Rep. Jamie Raskin
At the end of it all, you just wanted to take a breath.
It's over.
In the long-expected but still disappointing conclusion of the Senate impeachment trial, a bipartisan majority of 57 senators, short of the 67 needed for conviction, found Donald Trump to become the insurrection-inciting despotic demagogue the facts showed him to be.
Sure, there are those whose lips are so firmly attached to the money trench Trump has at his command they might never have voted to convict him. But they know the truth.
The world knows.
It is my thought that Trump will never be president again. He is damaged and divisive, and while his base remains loyal, he's nationally unliked and has lost the most popular vote in two elections. But there are lots of people who supported him from within his administration and in the Senate itching to try and use Trump's base to launch a presidential run-which all but guarantees the continuing relevance of Trumpian politics.

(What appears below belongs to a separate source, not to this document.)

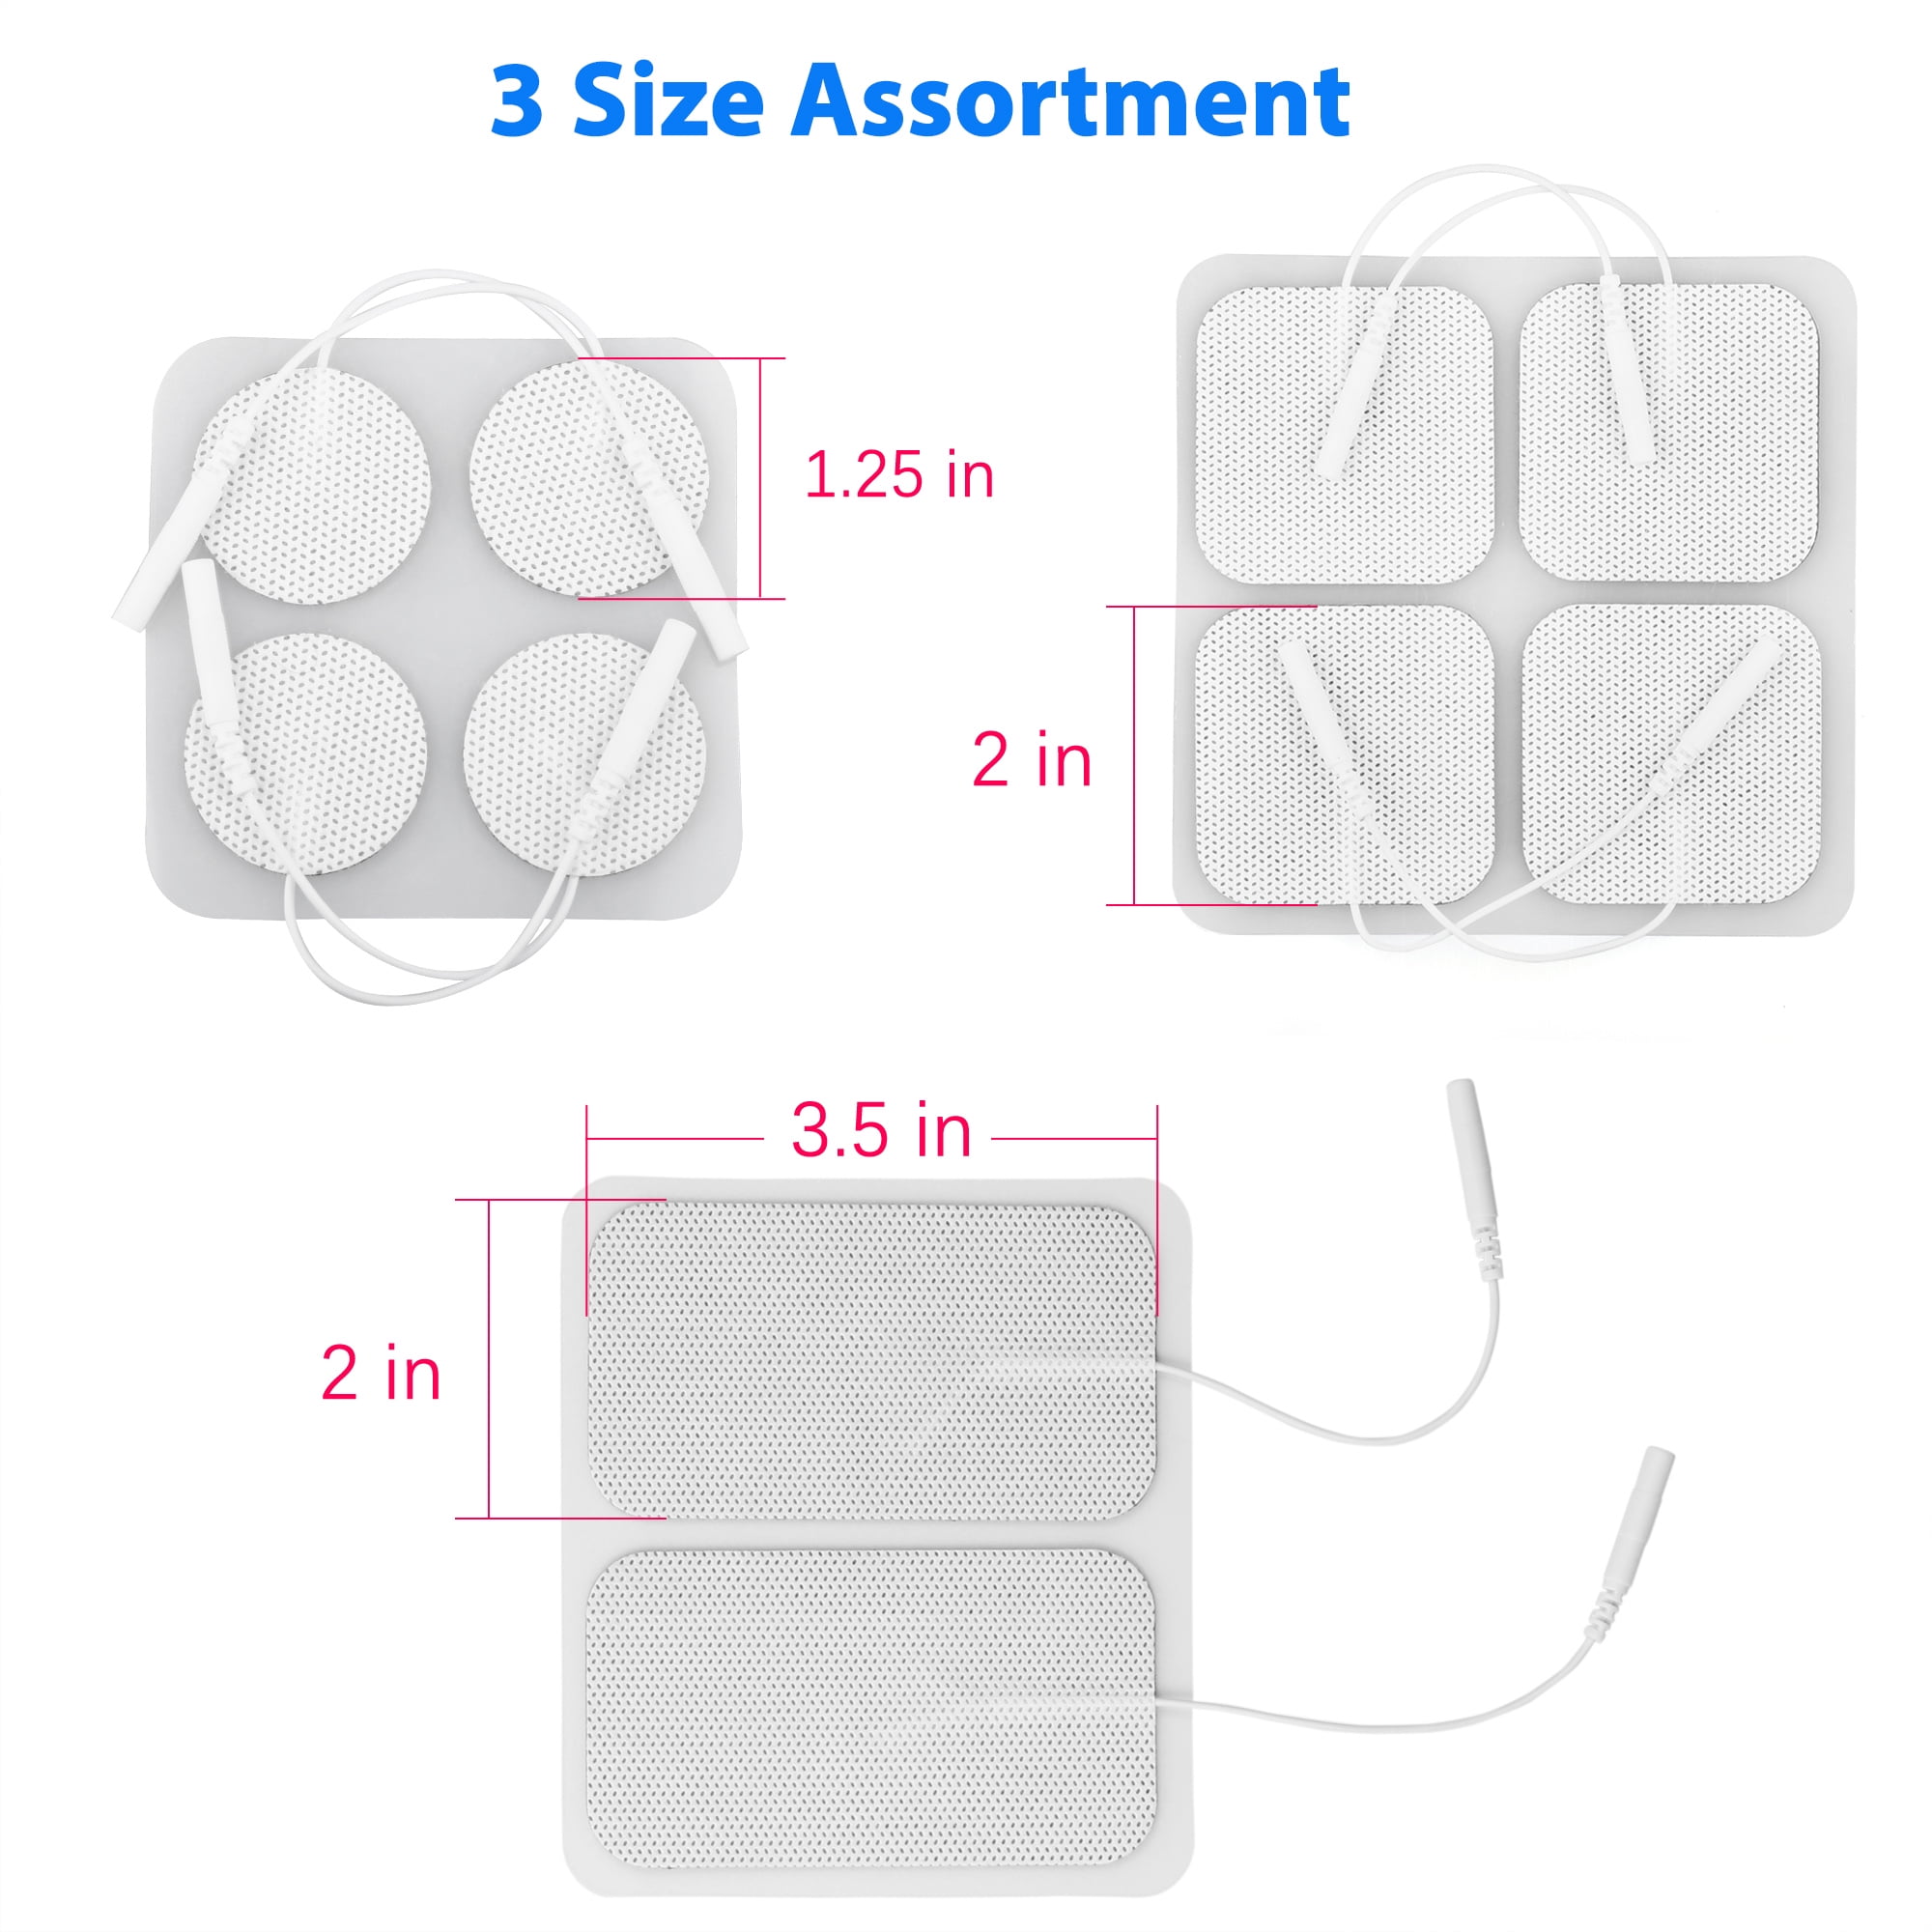 20pcs TENS Unit Replacement Pads 2X2, Latex Free Electrodes Compatible With TENS  Machine Use 2mm Pin Connector Lead Wires Such As AUVON TENS, TENS 7000,  Etekcity, Nicwell Care Tens

To get out of the mindset that has dominated national politics since the Gingrich era-that politics is a hyperpartisan zero-sum game, a mindset that contributed to the rise of Donald Trump-we need politicians more dedicated to the republic than to their personal power.
Two men I've known a long in Congress and who played prominent parts in the recent Senate trial and it is outcome are indicative of what I mean. One represents what we can no longer tolerate. The other represents what we should need.
Yes, one is a Republican and something is a Democrat. But what really separates them is how each stands in terms of caring about and acting in the public interest. They are at opposite ends from the spectrum.
At one end you've Mitch McConnell, who, though he loathes Mr . trump, voted to acquit him. He did this while he wanted to maintain control of the GOP and feared he'd be minimized by Trump's supporters if he voted otherwise.
At the other end you have Jamie Raskin, a relatively new face in the home who beat the odds to become a member of Congress and then, despite an extreme personal tragedy, put together a devastating case against Trump.
itch McConnell started his political life playing the same games he plays today. He was a ruthless opportunist who sought to overthrow the leadership in the Kentucky GOP in the 1960s, failed, and have become a \”moderate\” Republican to win election as the county judge/executive in Jefferson County before he was elected towards the U.S. Senate back in 1984.
His shift that year was remarkable. Roger Ailes put together a duplicitous ad campaign that helped McConnell come from 40 points behind in the polls to win. His was the only real Senate seat the GOP picked up in Ronald Reagan's 1984 landslide election. With time, McConnell dropped any pretense of being an average as he followed the money further and additional to the right.
In 1978, the night before my first interview with McConnell, I spoke with someone who knew him well-an uncle who had caused him in the Jefferson County Republican party. \”The thing you should know about Mitch McConnell is he's about only one thing,\” I was told. \”What's that?\” Gurus.
\”Mitch McConnell is always and only about Mitch McConnell.\”
For nearly a half century those watchwords have helped me understand McConnell. They explain why he does what he does. Sure, he's smart and understands how to count votes-and that explains how he can do what he has done. But to understand the why, you need to understand that for McConnell it is all about power and personal gain.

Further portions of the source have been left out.